Now, I need to rearrange values in the way that will minimize Range.maxIndex - Range.minIndex. I do not need the "best" result after packing, having "probably the best" or "good" packing will be enough.
problem:
Remapping indexes and recalculating ranges is easy. The problem is that I'm not sure how to sort elements in values, because same index may be encountered in multiple ranges.
Any ideas about how to proceed?
restrictions:
Changing container type is not allowed. Containers should be array-like. No maps, not lists.
But you're free to use whatever container you want during the sorting.
Also, no boost or external libraries - pure C++/STL, I really neeed only an algorithm.
additional info:
There is no greater/less comparison defined for SomeType - only equality/non-equality.
But there should be no need to ever compare two values, only indexes.
The goal of algorithm is to make sure that output of
for (int i = 0; i < indexes.size; i++){
print(values[indexes[i]]); //hypothetical print function
}
Will be identical before and after sorting, while also making sure that for each range
Range.maxIndex-Range.minIndex (after sorting) is as small as possible to achieve with reasonable effort.
I'm not looking for a "perfect" or "most optimal" solution, having a "probably perfect" or "probably most optimal" solution should be enough.
P.S. This is NOT a homework.
This is not an algorithm, just some thinking aloud. It will probably break if there are too many duplicates.
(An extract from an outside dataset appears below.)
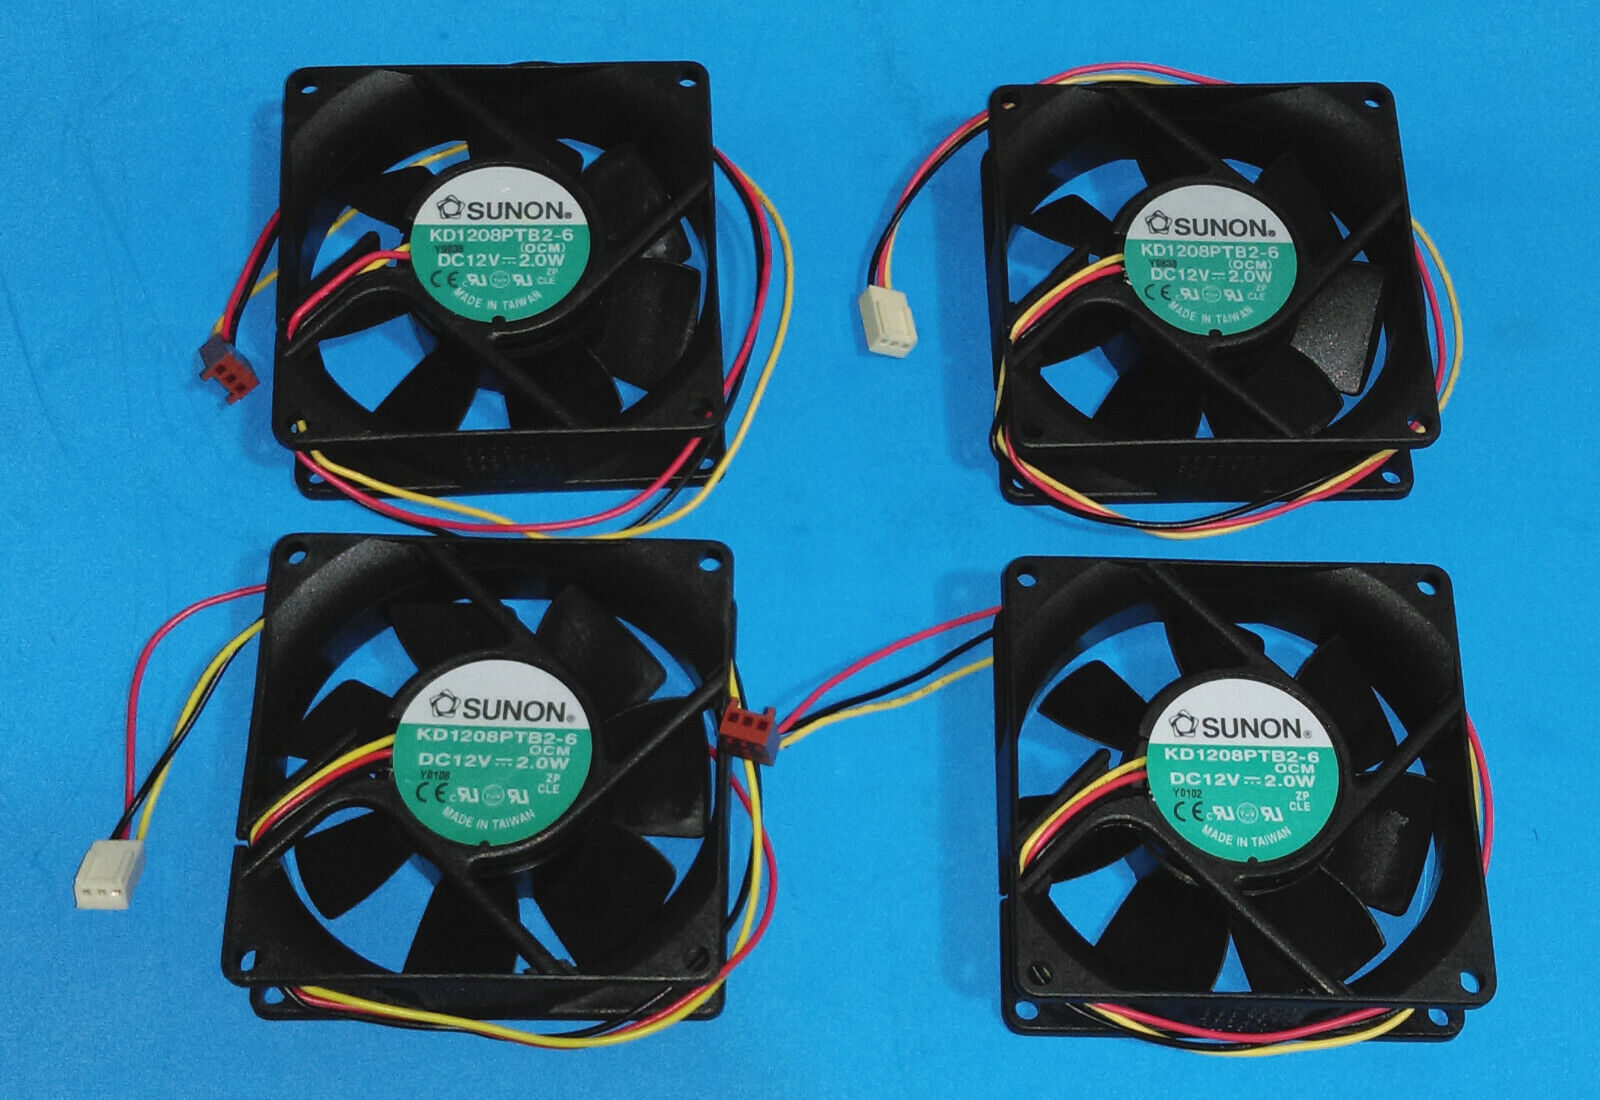 Lot 4: Sunon 80 X 80 X 25mm 3-pin Ball Bearing PC Case Cooling Fan 12V DC 2.0W
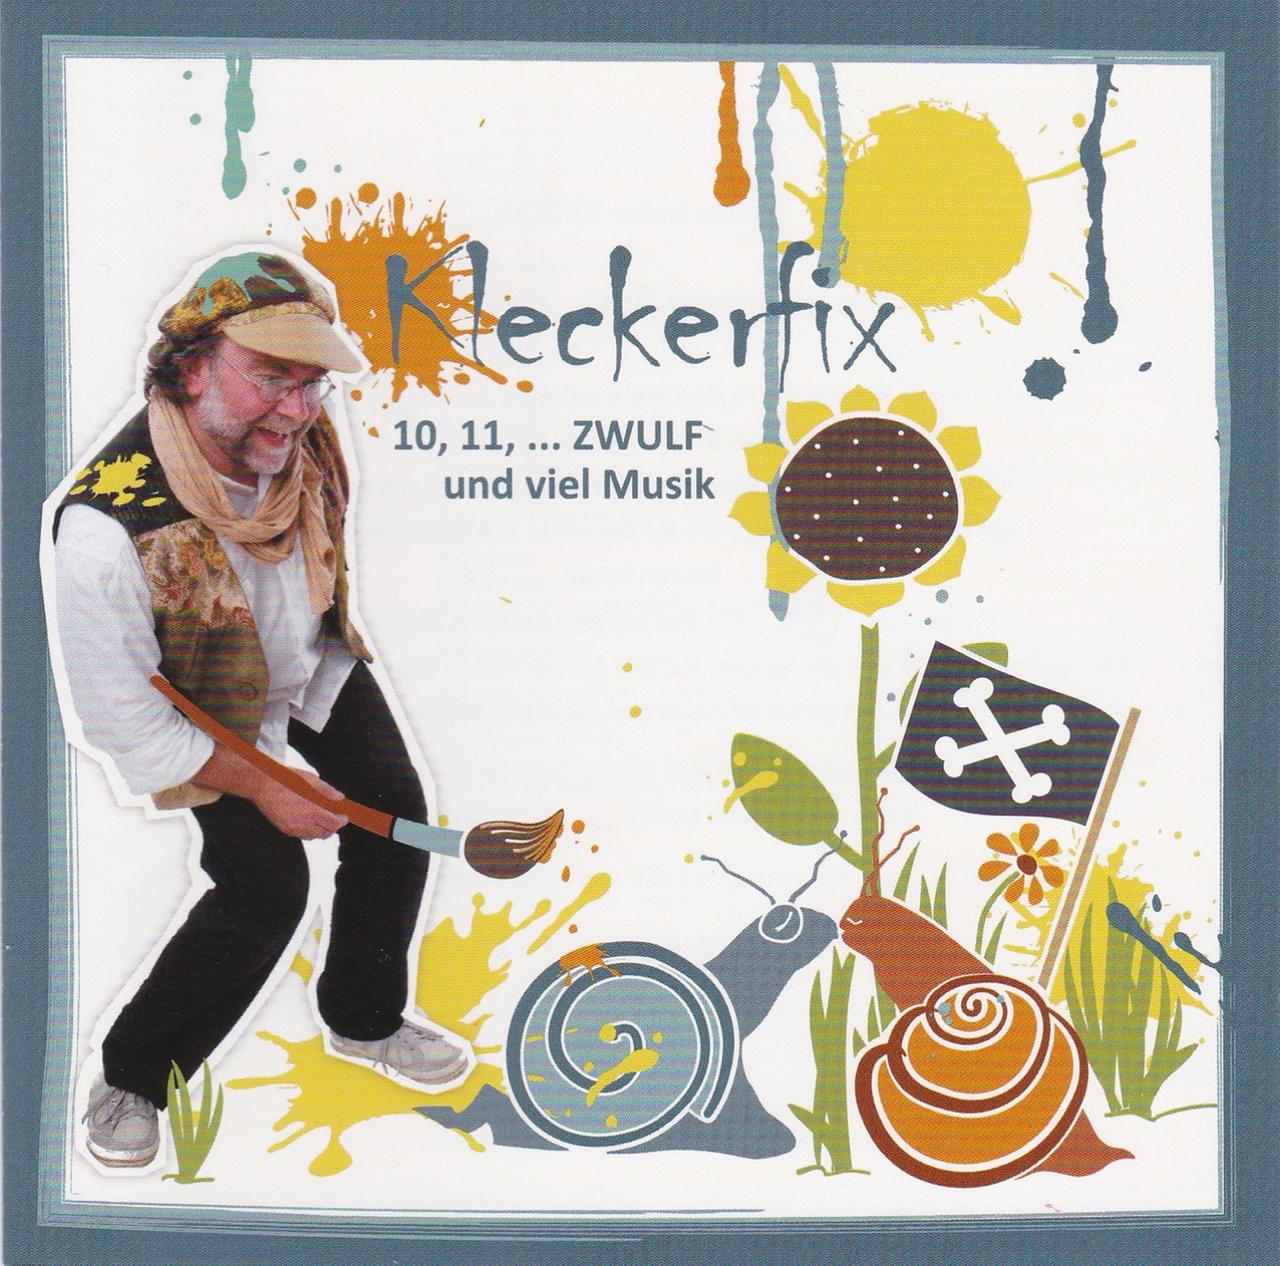 Cover CD "Kleckerfix" von Zwulf.

If there was no duplicates, you'd simply rearrange the values so the indexes are 0,1,2, and so on. So for the starting point, let's exclude the values that are double-referenced and arrange the rest
Since there are duplicates, you need to figure out where to stick them. Suppose the duplicate is referred to by ranges r1, r2, r3. Now, as long as you insert the duplicate between min([r1,r2,r3].minIndex)-1 and max([r1,r2,r3].maxIndex)+1, the sum of maxIndex-minIndex will be the same no matter where you insert it. Moving the insertion point to the left will reduce max-min for all ranges to the left, but increment it for all ranges to the right. So, I think the sensible thing to do is to insert the duplicate at the left edge (minindex) of the rightmost range (one with largest minIndex) of r1,r2,r3. Repeat with all duplicates.
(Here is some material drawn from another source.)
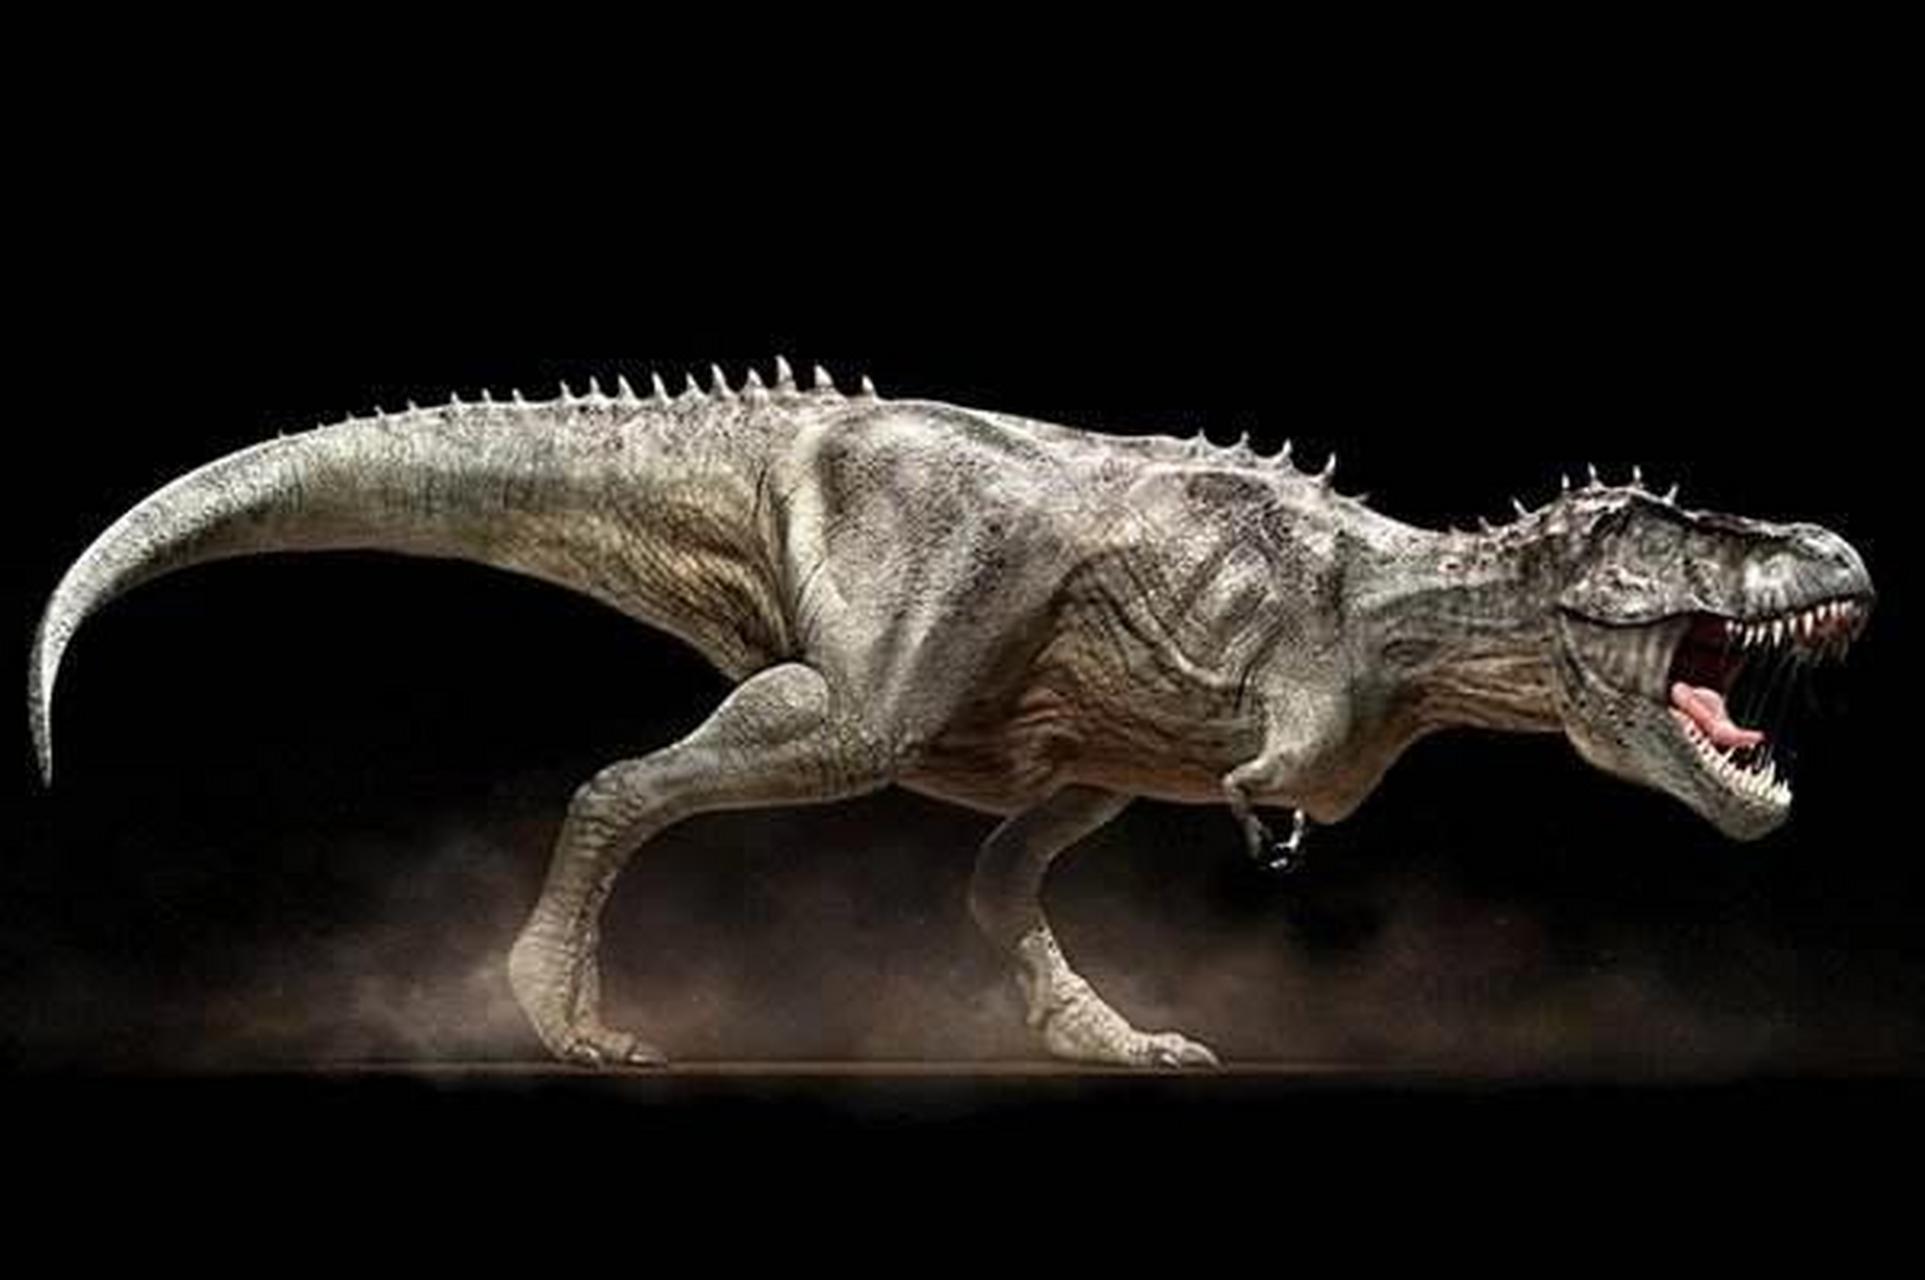 恐龙图鉴 物种:雷克斯暴龙(又叫霸王龙) 年代:晚白

Okay, it looks like there is only one way to reliably solve this problem:
Make sure that no index is ever used by two ranges at once by duplicating values.
I.e scan entire array of indexes, and when you find index (of value) that is being used in more than one range, you add copy of that value for each range - each with unique index. After that problem becomes trivial - you simply sort values in the way that will make sure that values array first contains values used only by first range, then values for 2nd range, and so on. I.e. this will get maximum packing.
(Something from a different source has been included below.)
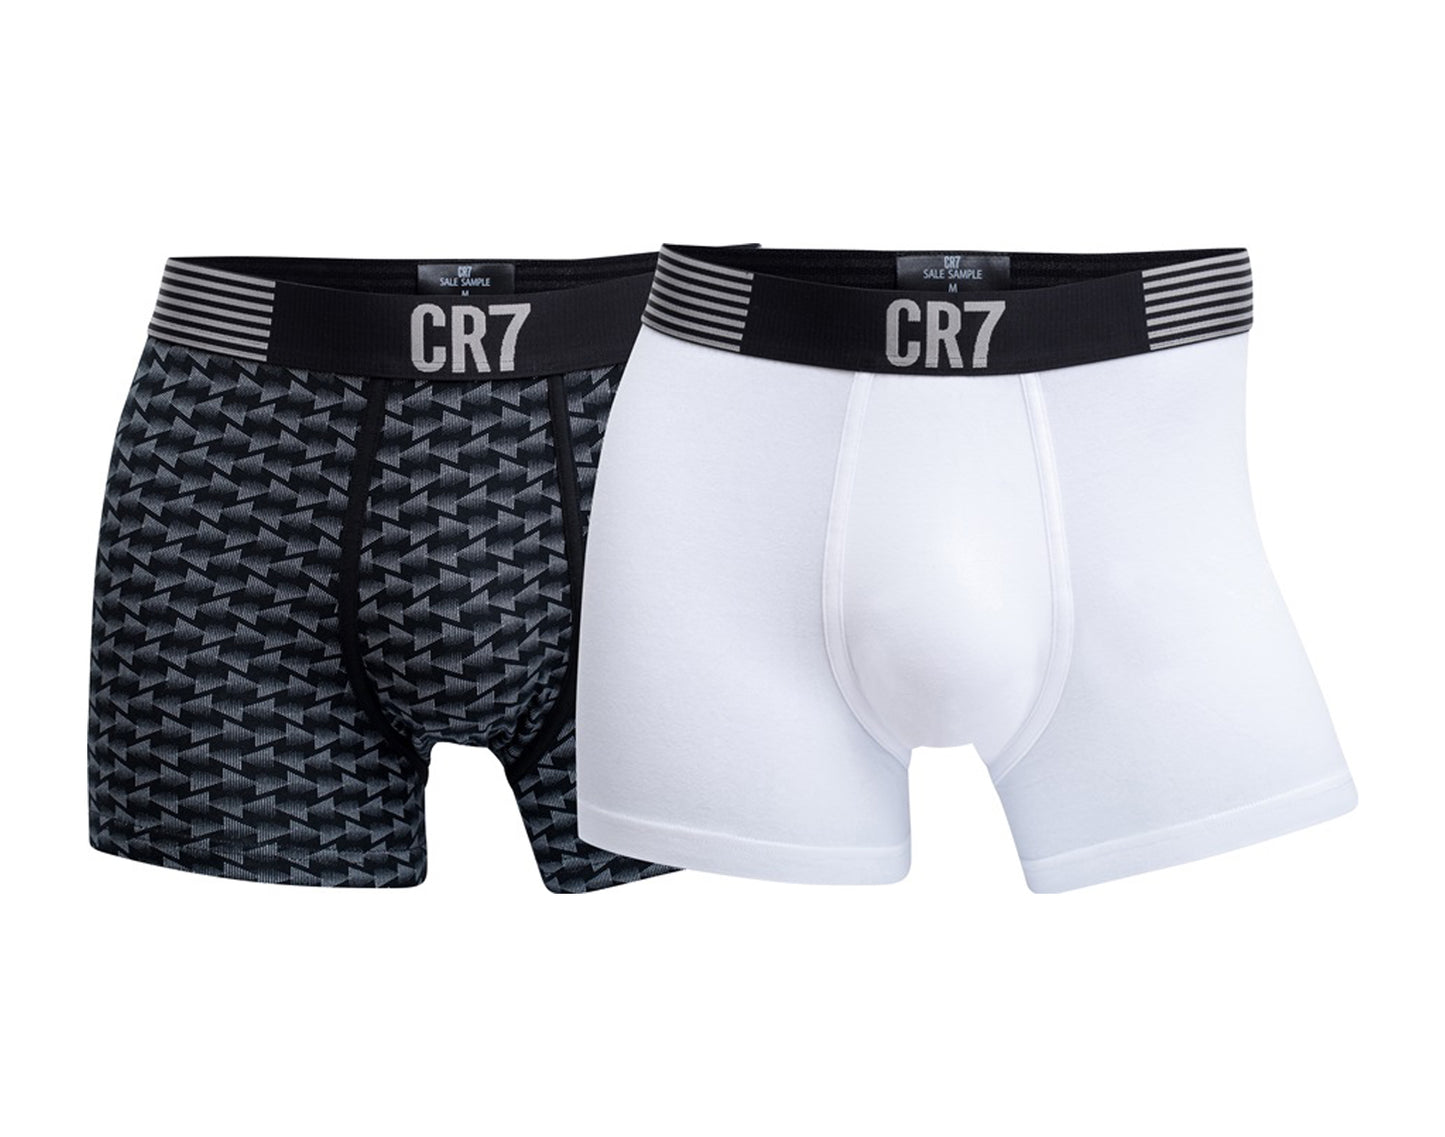 Cristiano Ronaldo CR7 2-Pack Boxer Briefs Black/White Men's Underwear 8302-49-535

Because in my app it is more important to minimize sum(ranges[i].maxIndex-ranges[i].minIndex) that to minimize number of values, this approach works for me.
I do not think that there is other reliable way to solve the problem - it is quite easy to get situation when there are indexes used by every range, and in this case it will not be possible to "pack" data no matter what you do. Even allowing index to be used by two ranges at once will lead to problems - you can get ranges a, b and c where a and b, b and c, a and c will have common indexes. In this case it also won't be possible to pack the data.